Work to complete ▸
Reproduce exactly only the lines from the line that holds "Causes and Consequences" to the line that holds "happy child pointing", inclusive, in the listing below, and please leave out every picture.

Source data ▸
=-=-=

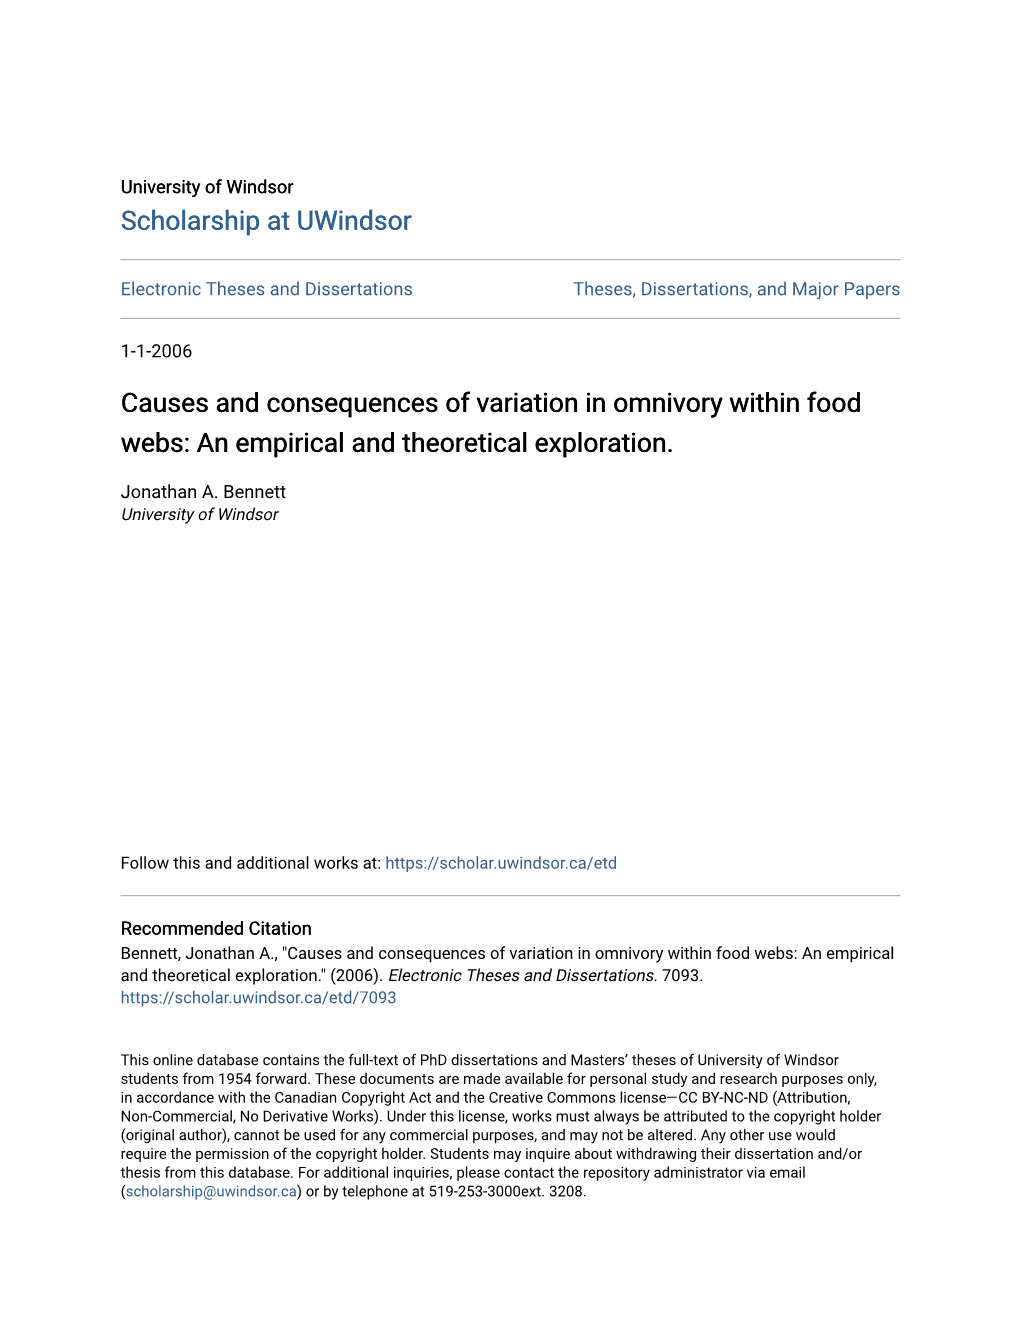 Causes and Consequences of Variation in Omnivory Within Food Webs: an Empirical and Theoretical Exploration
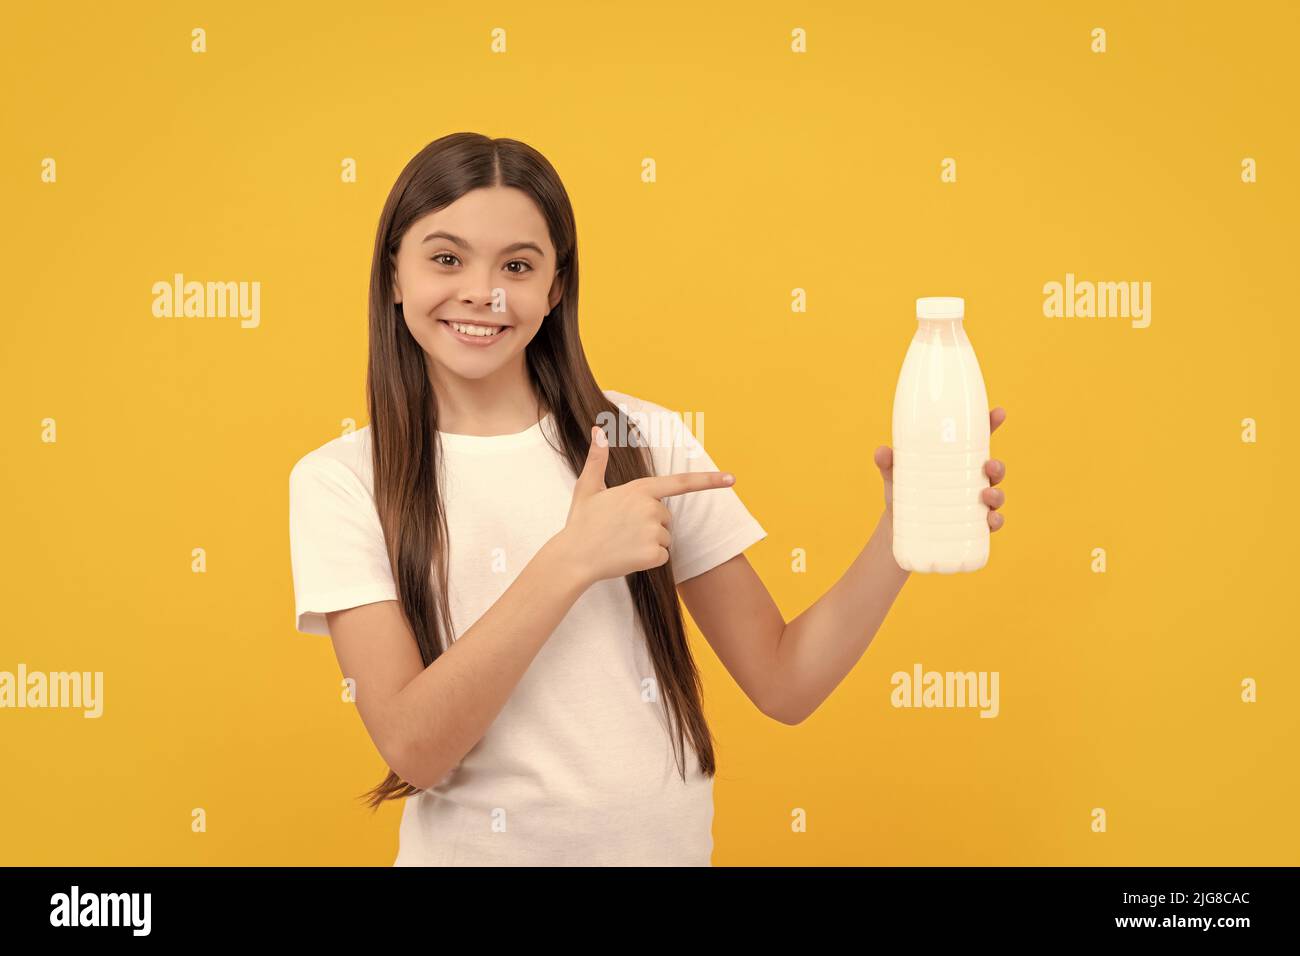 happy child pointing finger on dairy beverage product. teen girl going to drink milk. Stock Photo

=-=-=

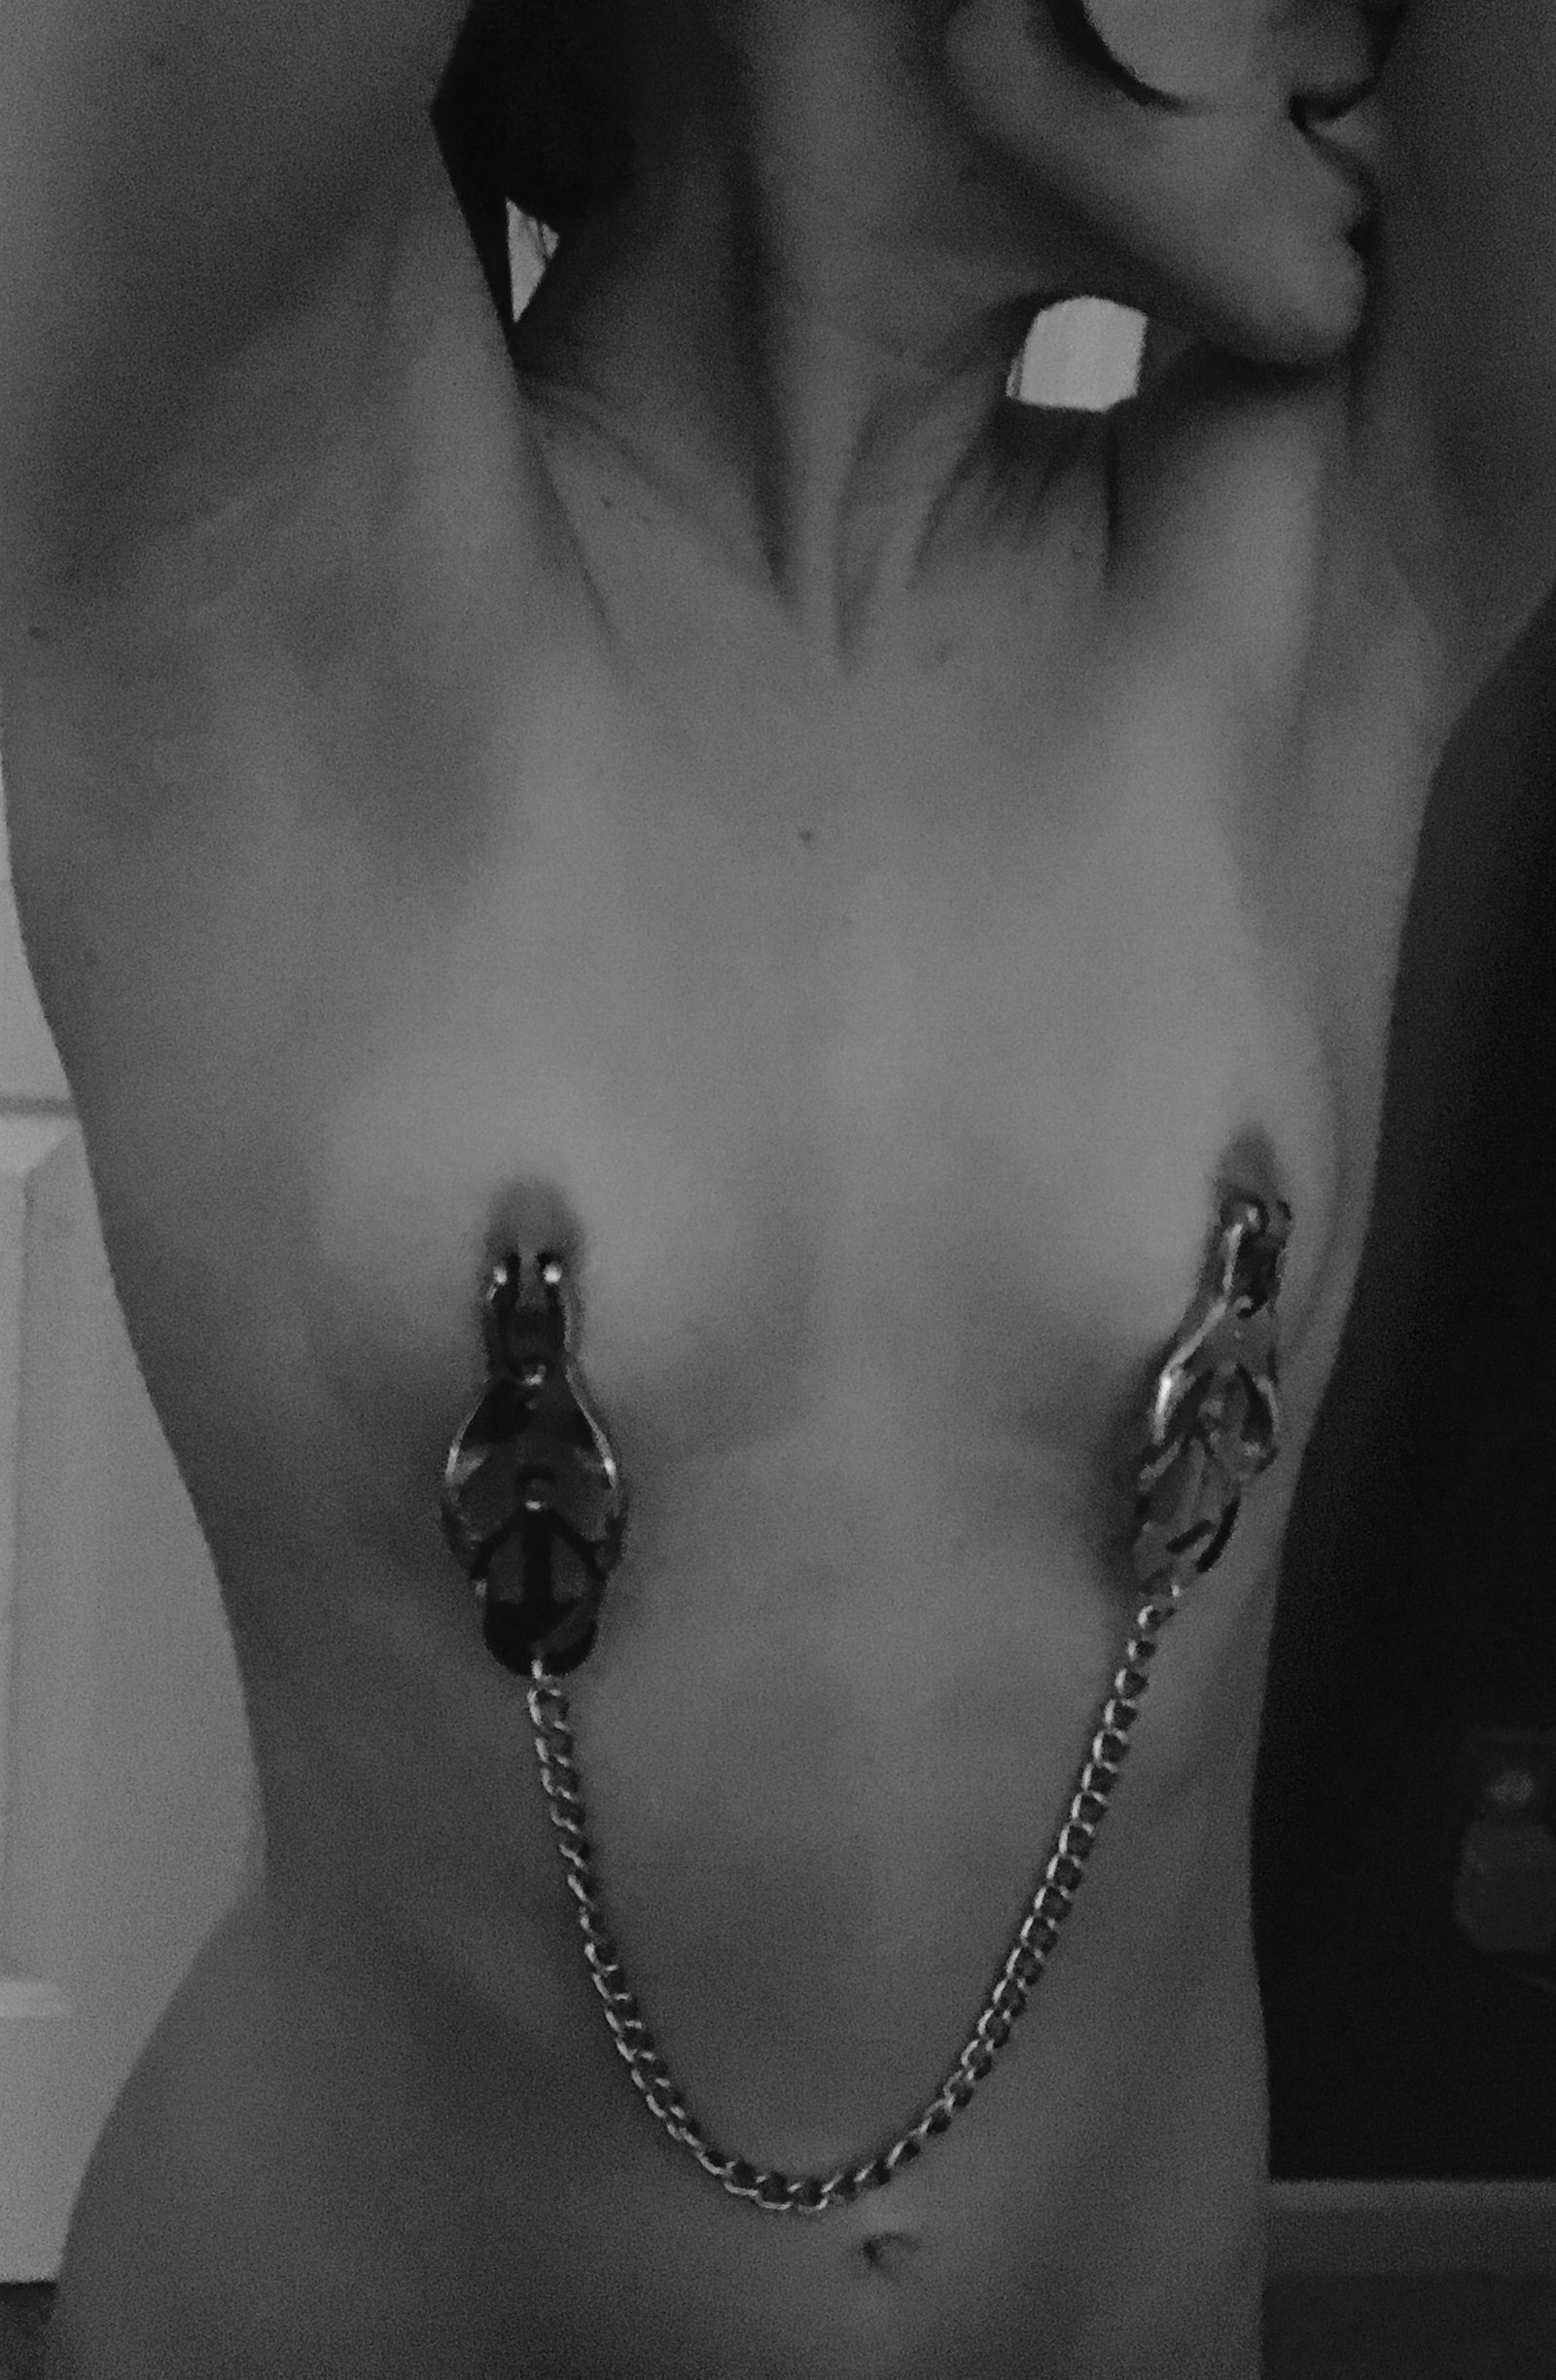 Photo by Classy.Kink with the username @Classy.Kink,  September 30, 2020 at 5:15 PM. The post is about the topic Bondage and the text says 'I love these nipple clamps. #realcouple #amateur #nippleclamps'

=-=-=

Answer area ▸
 Causes and Consequences of Variation in Omnivory Within Food Webs: an Empirical and Theoretical Exploration
 happy child pointing finger on dairy beverage product. teen girl going to drink milk. Stock Photo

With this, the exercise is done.